# DESCRIPTION OF THE TASK
Below are entries; repeat exactly, and nothing else, the lines from the one holding "Sold Jogger Pants Joggers Clothes Design" through the one holding "XVive XVive AC Blend", inclusive. Leave the pictures out.

# GIVEN RECORDS
=== Begin Enclosure ===

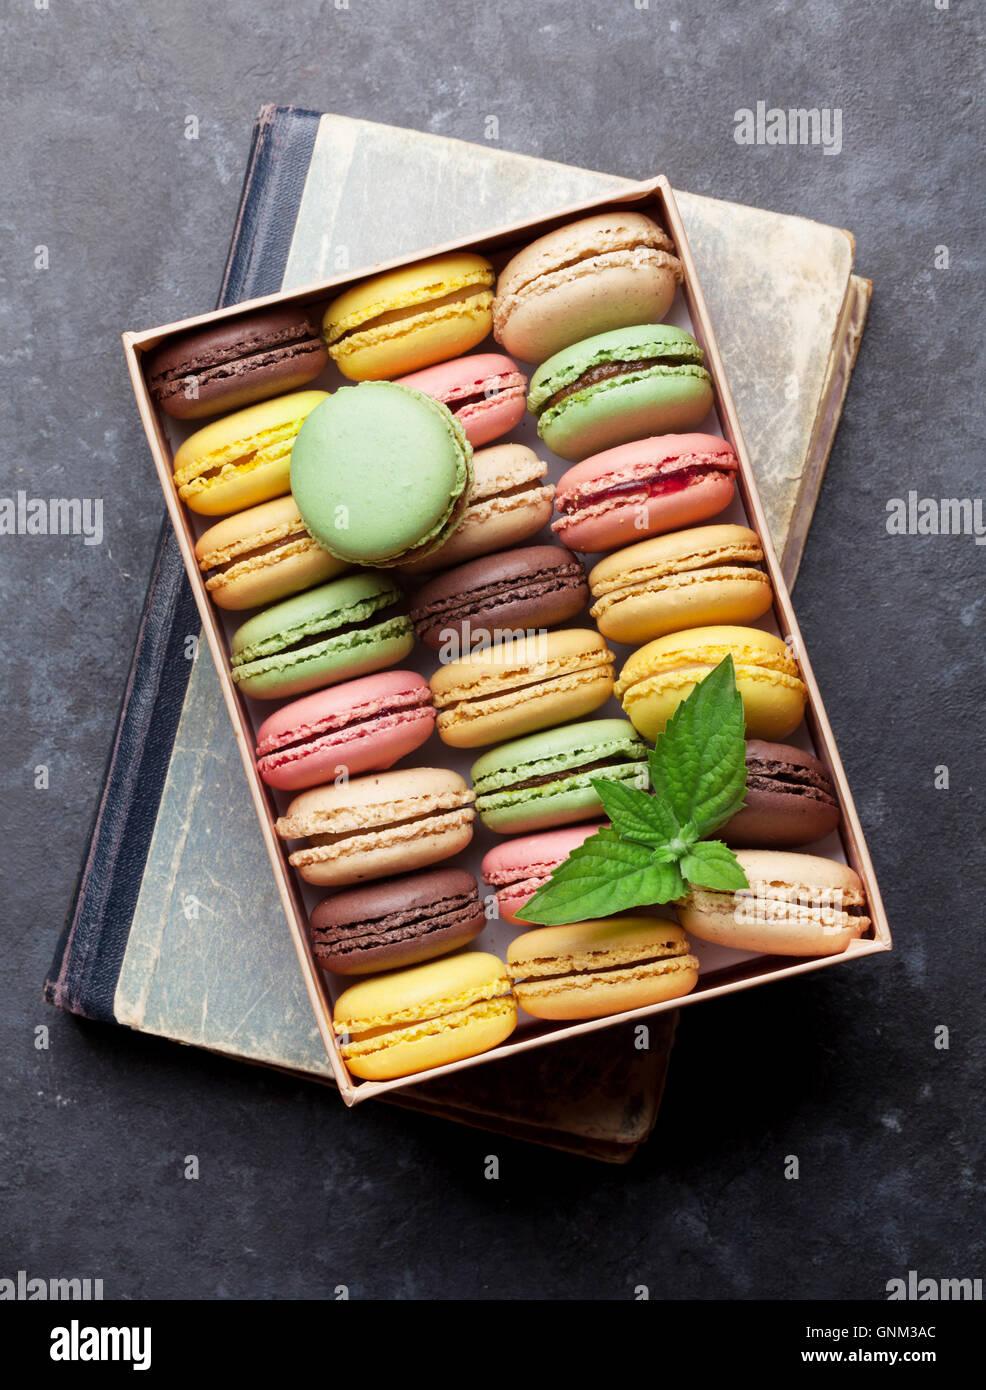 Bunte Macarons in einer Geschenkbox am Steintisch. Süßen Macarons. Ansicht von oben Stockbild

=== End Enclosure ===
=== Begin Enclosure ===

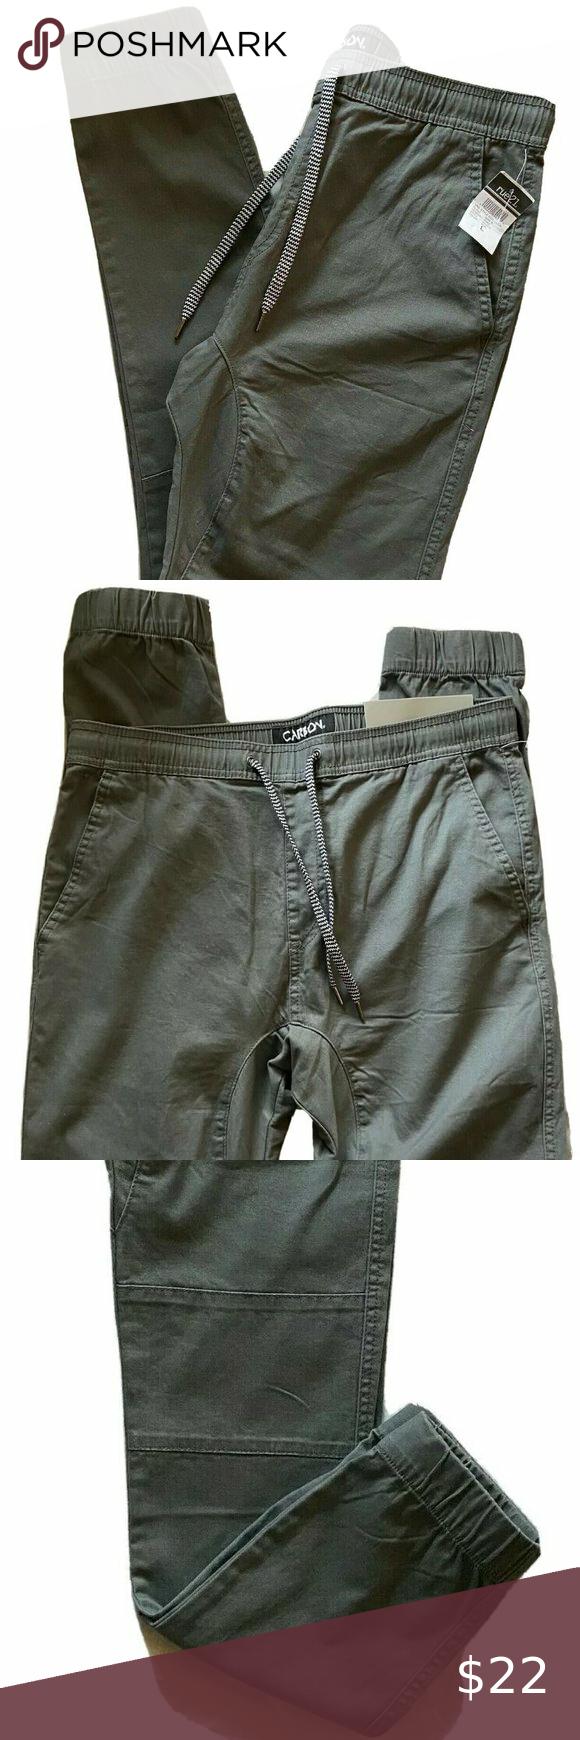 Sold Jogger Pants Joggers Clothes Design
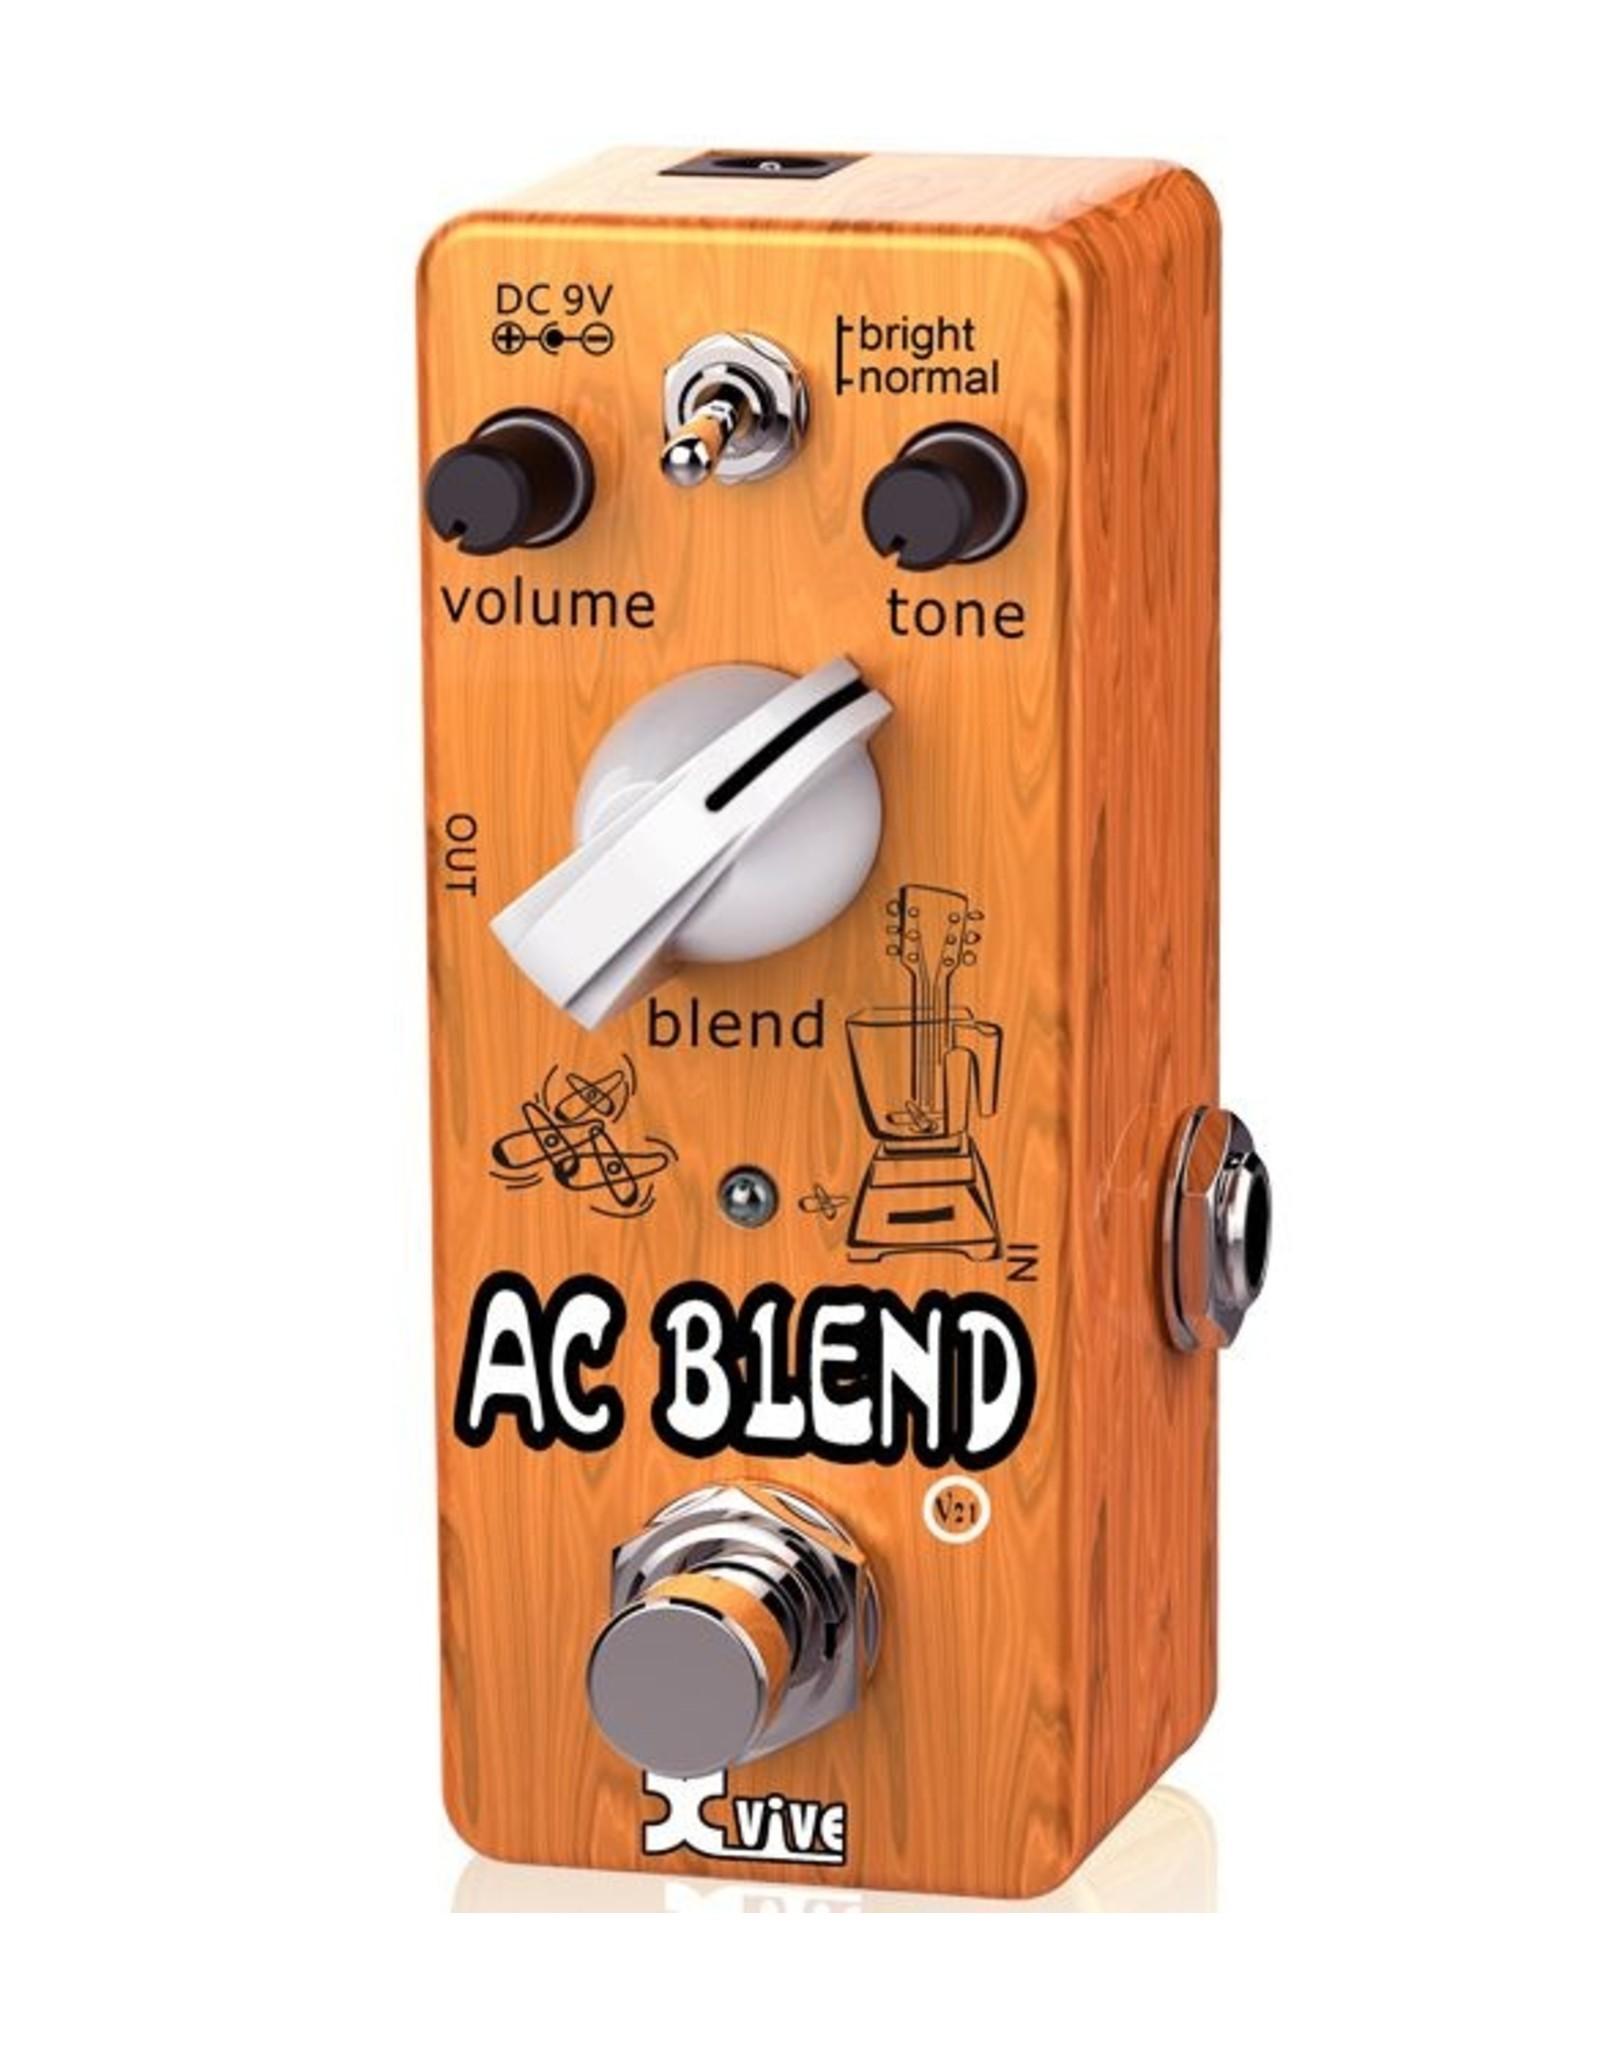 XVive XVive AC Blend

=== End Enclosure ===

# SOLVED PROBLEM
 Sold Jogger Pants Joggers Clothes Design
 XVive XVive AC Blend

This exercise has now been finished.